In the mid-1980s, Zaffino made a trip to the U.S. with Ricardo Villagran, who was working for Comico at the time. On that trip, Zaffino met comics writer Chuck Dixon, and together they produced Winter World, a three part series for Eclipse. They continued to collaborate on comics, producing the seminal Punisher graphic novels Kingdom Gone and Assassin's Guild, and a Savage Sword of Conan story titled The Horned God. During this time, Zaffino worked regularly with comics writer Dan Chichester on various comics, including Critical Mass, and Terror Inc.. He did relatively little work in the U.S. comics industry, where he is mostly known for his art in Punisher, Clive Barker's Hellraiser and The 'Nam for Marvel Comics. Zaffino’s last work in the US was a story written by Dixon for the 1996 Batman Black and White mini series. He continued working for the Argentine comic market, but focused on his work as a painter.
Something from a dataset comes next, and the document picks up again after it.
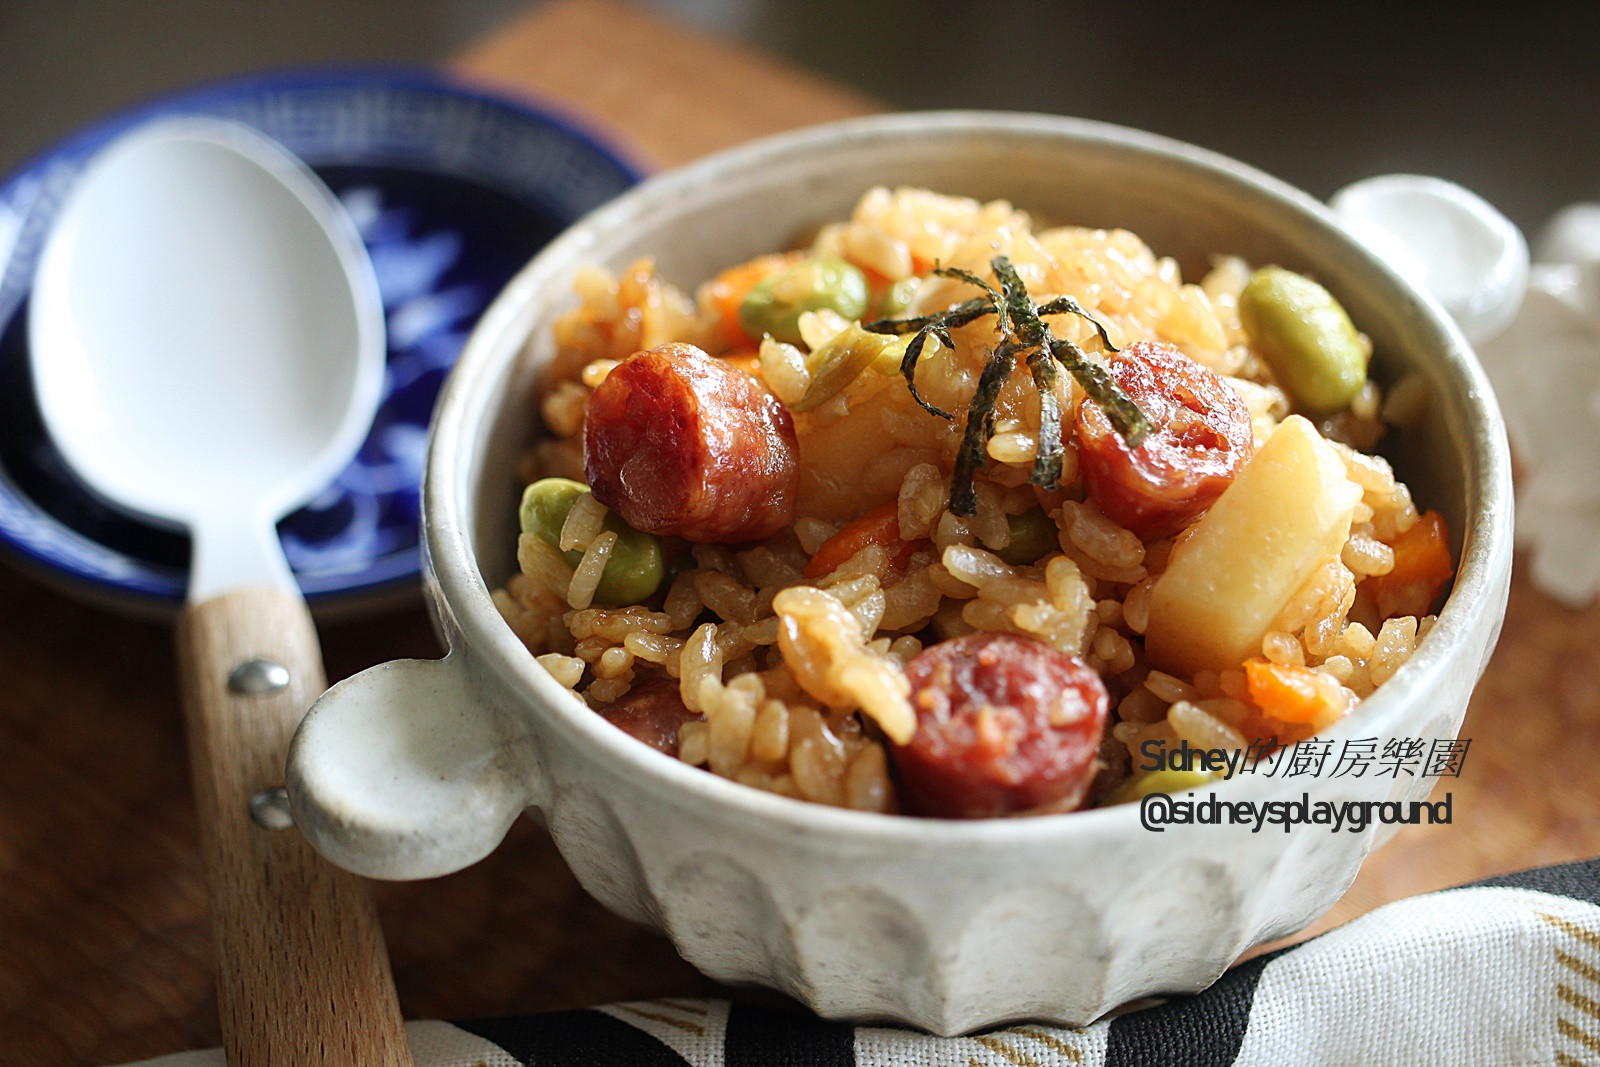 臘腸馬鈴薯飯(電子鍋料理)

A follow-up to Winter World called Winter Sea was entirely written and drawn for Marvel Comics, but was never published due to changes of Marvel's policy on creator-owned books at the time. A third chapter of the Winter World saga was also planned, titled Winter War. In January 2010, a hardcover edition containing Winter World and Winter Sea was published through IDW Publishing.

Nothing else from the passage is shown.